By classical chemistry, cell adhesive RGD containing peptides can be immobilized on the HA molecular chains, and the HA solutions frozen and lyophilized to form a 3-D, sponge-like structure. The RGD peptide is an oligopeptide derived from proteins such as fibronectin, laminin, or collagen, and has demonstrated excellent properties in stimulating cell adhesion and cell proliferation. HA sponges with immobilized RGD containing peptides are useful in aiding wound healing by providing a temporary matrix for skin regeneration. Testing the matrices in guinea pigs full thickness wound models, fibroblast ingrowth into the matrices was observed at approximately 4–5 days. No inflammatory reaction occurred throughout the matrices [45].

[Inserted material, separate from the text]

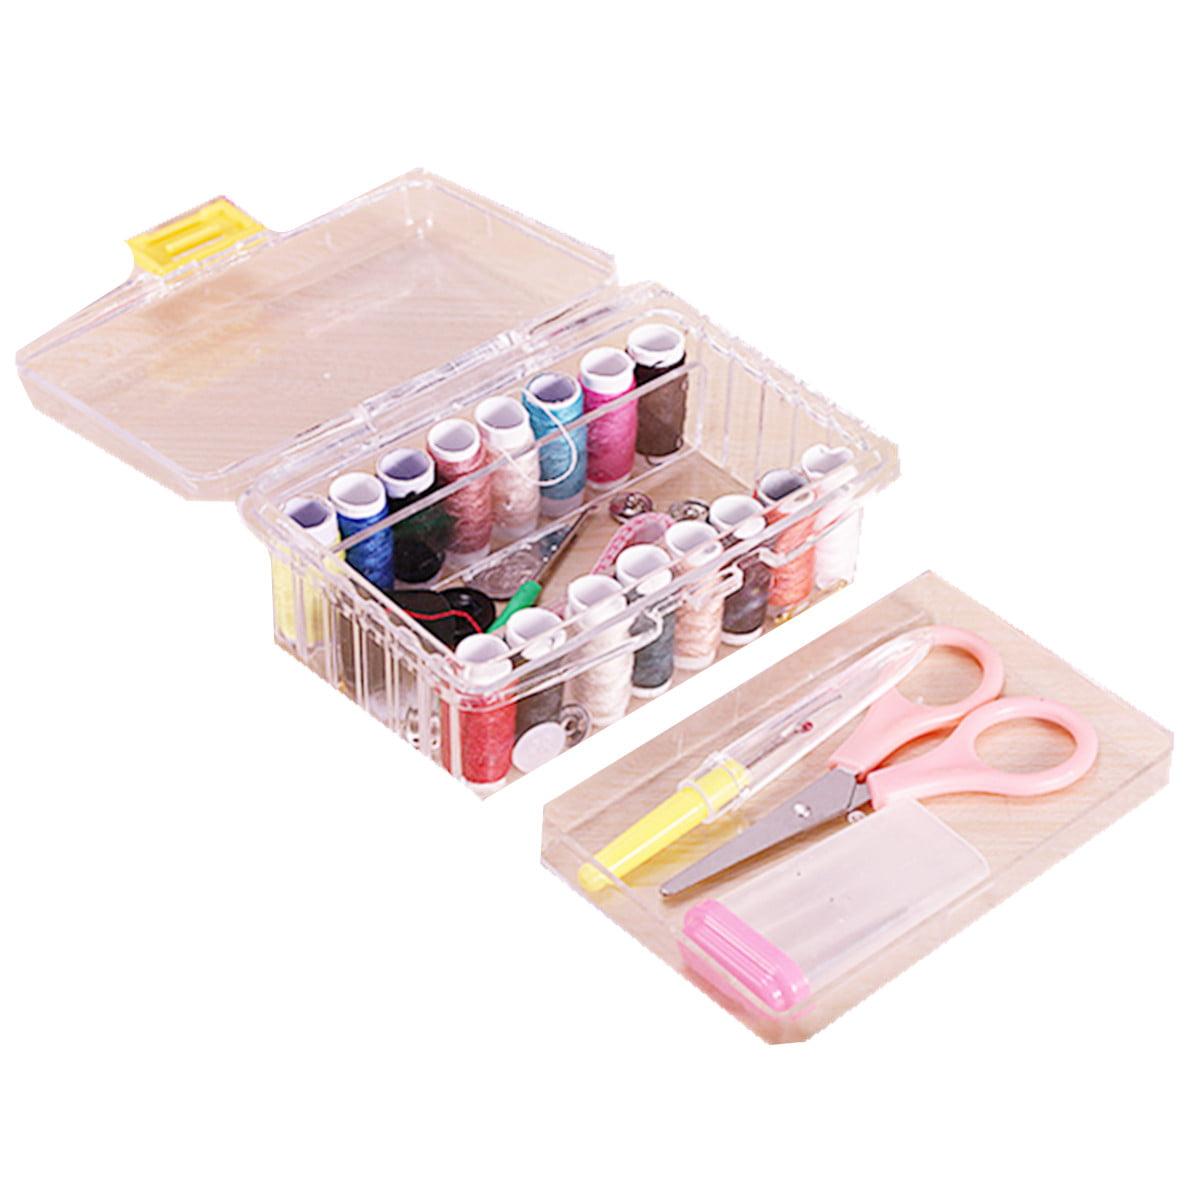 Meigar Sewing Kits Repair Travel Case Thread Threader Needle Tape ...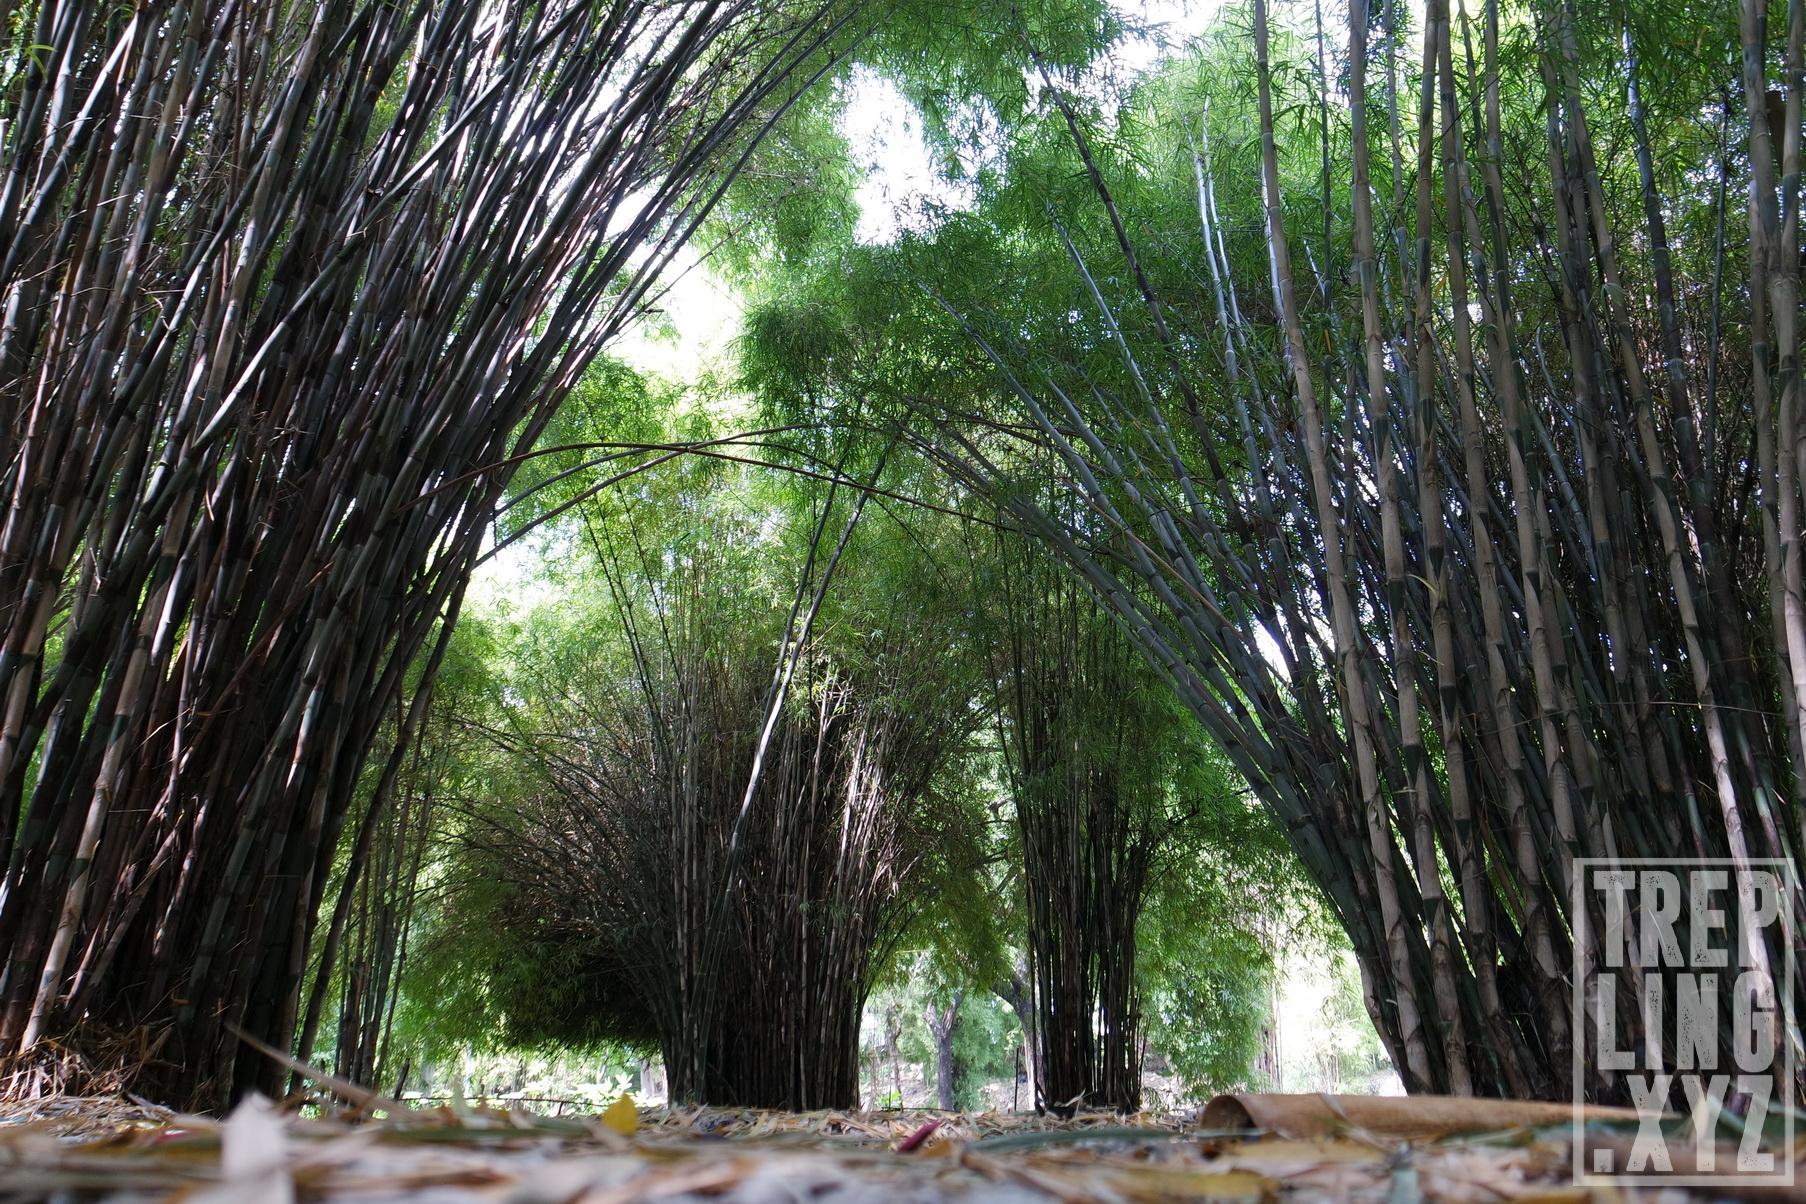 Wisata Alam Hutan Bambu Taman Sakura Keputih Surabaya Penampakan Kota

Research in the area of biohydrogels for drug delivery, tissue engineering, and food applications has been well established over the past decade. In particular, hybrid hydrogels synthesized from two biopolymers have attracted increasing attention. The inclusion of a second biopolymer strengthens the stability of resultant hydrogels and enriches its functionalities by bringing in new functional groups or optimizing the micro-environmental conditions for certain biological and biochemical processes. The above examples present some approaches that have been used by our groups to synthesize biopolymer hybrid hydrogels for effective uses for immunotherapy, tissue regeneration, food and functional food applications. The research has achieved some challenging results, such as stabilizing physical structure, increasing mucoadhesiveness, and the creation of an artificial extracellular matrix to aid in guiding tissue differentiation. We expect that future developments of biopolymer hybrid hydrogels will be even more case-specific. Each type of organic entity, either those to be encapsulated or those to be targeted, has its own chemical, physical, and biological features. Biohydrogels should be able to meet the sophisticated demands and special requirements across a wide range of uses.